Under the water, the Doctor and Bill find a large creature that has been chained up. A man named Lord Sutcliffe is from a family that has used the creature’s excrement as fuel for generations. He plans to blow up the ice and feed large crowds to the creature, to make more of the fuel, saying it is no different from, and perhaps better than, coal mines in which many people die as well.

The Doctor advocates calm, saying that “Passion fights but reason wins.” But he ends up punching Sutcliffe when he says racist things. Not long after, the Doctor gives a speech, in which he says, among other things, “Human progress isn’t measured by industry, it is measured by the value you place in a human life…”

He also says later, “Only idiots know the answers.” The Doctor asks Bill what the future of her country is worth if it is built on the suffering and imprisonment of the creature. He lets it be her decision (later calling her ‘boss’). So they work to free the creature. As a result, Sutcliffe drowns, and his fortune goes to a street urchin they had met.

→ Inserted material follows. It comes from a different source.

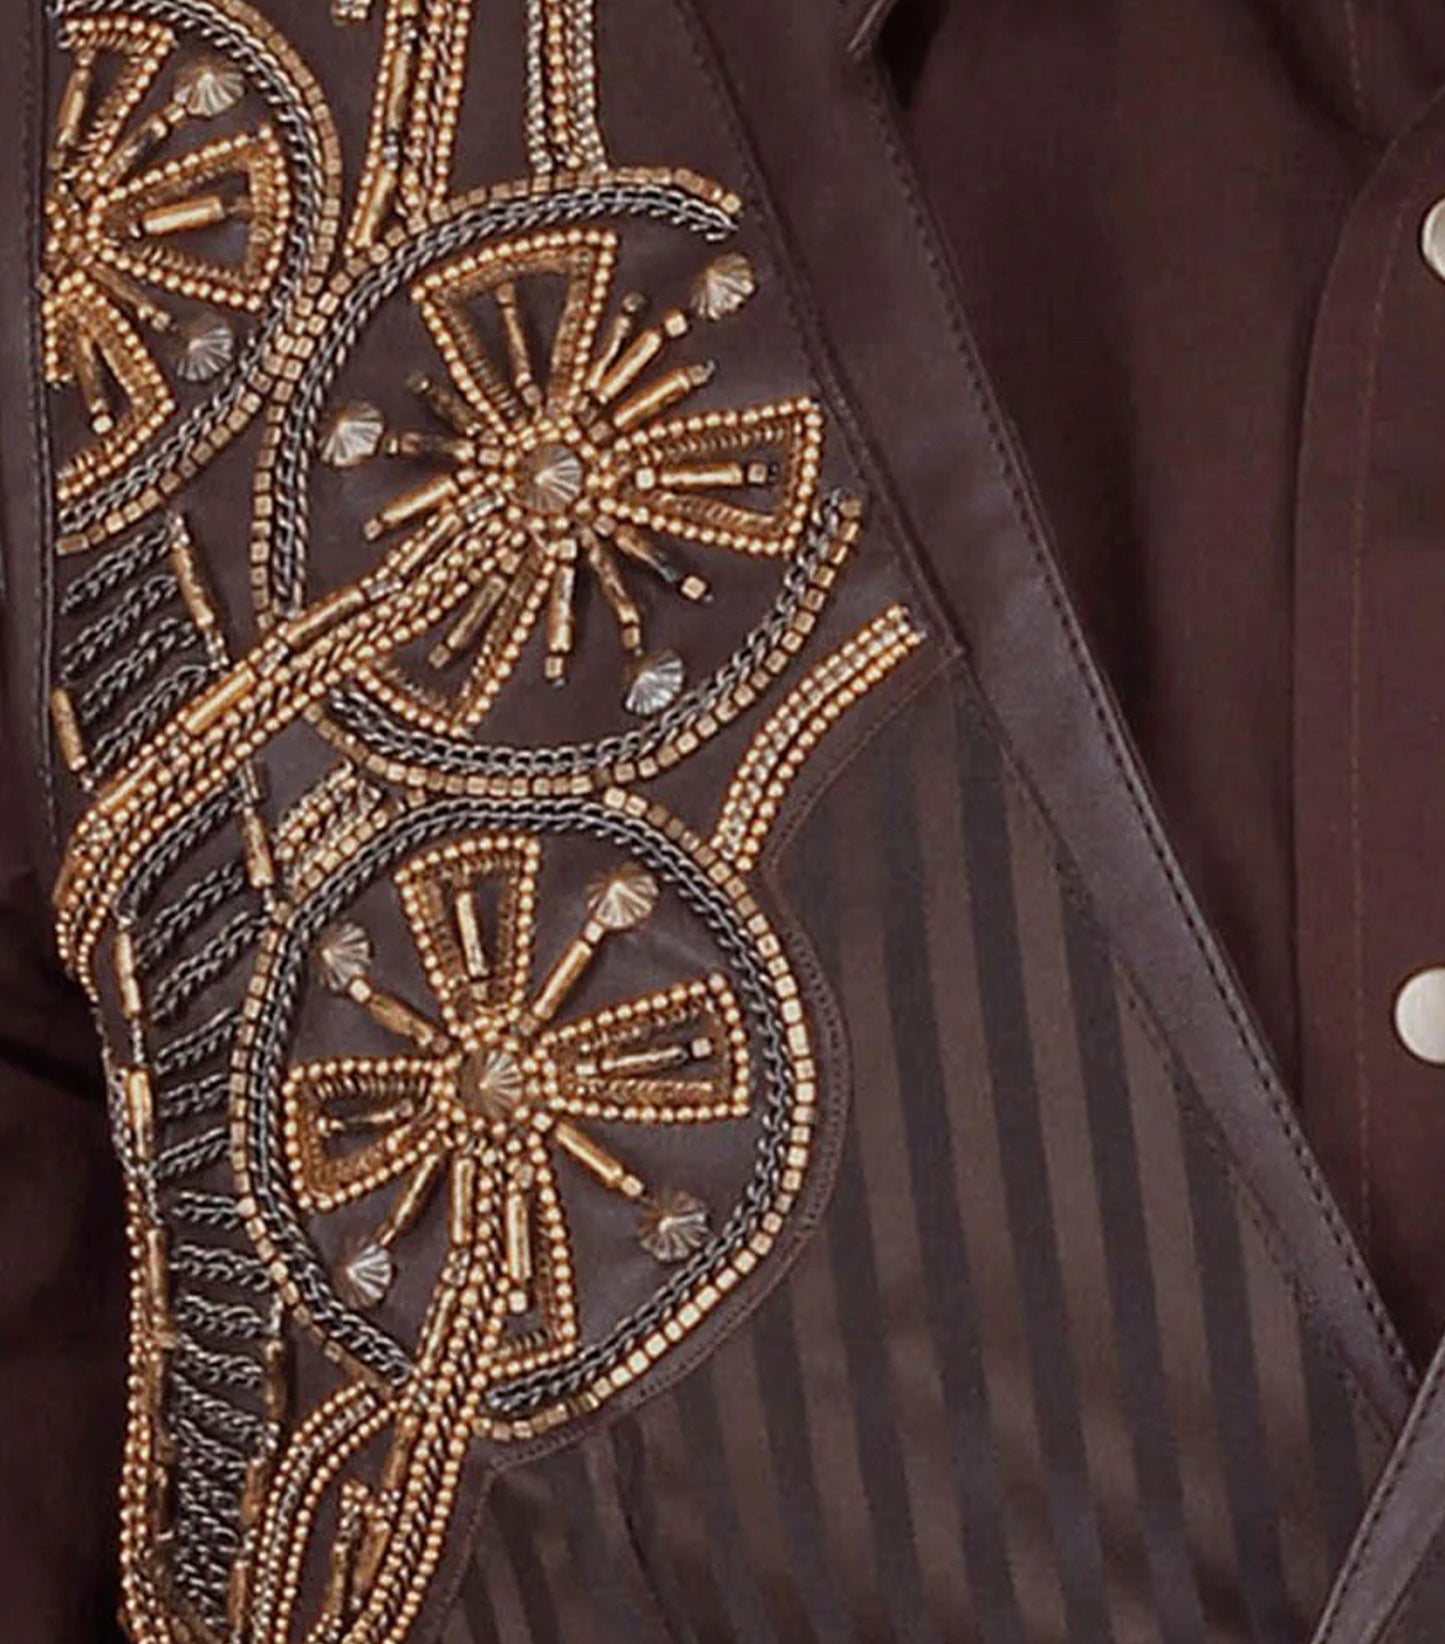 Steampunk Embroidered Men's Waist Coat

The episode thus poses serious questions about what it means to act for good in the world. Bill initially thinks that it is following rules and avoding doing wrong acts, in particular killing people, but also failing to be appropriately traumatized by deaths even if one did not cause them. By the end, the viewer is made to ask whether it might not be better to maximize good and to right wrongs, even if in the process some bad also happens. Thin ice serves as a wonderful metaphor for this. One can tiptoe around trying not to crack the ice. Or one can go into the situation with a diving suit on, expecting that it will get messy as one tries to not merely be passive but to play a positive role. To put it another way, should the Doctor – like a doctor – “first do no harm”? Or should the Doctor (ironically a bit like Sutcliffe, yet in other ways the very opposite) recognize that harm is inevitable, and therefore doing good is better than avoiding evil?

What are your thoughts about the moral question the episode explores? And did you enjoy the story?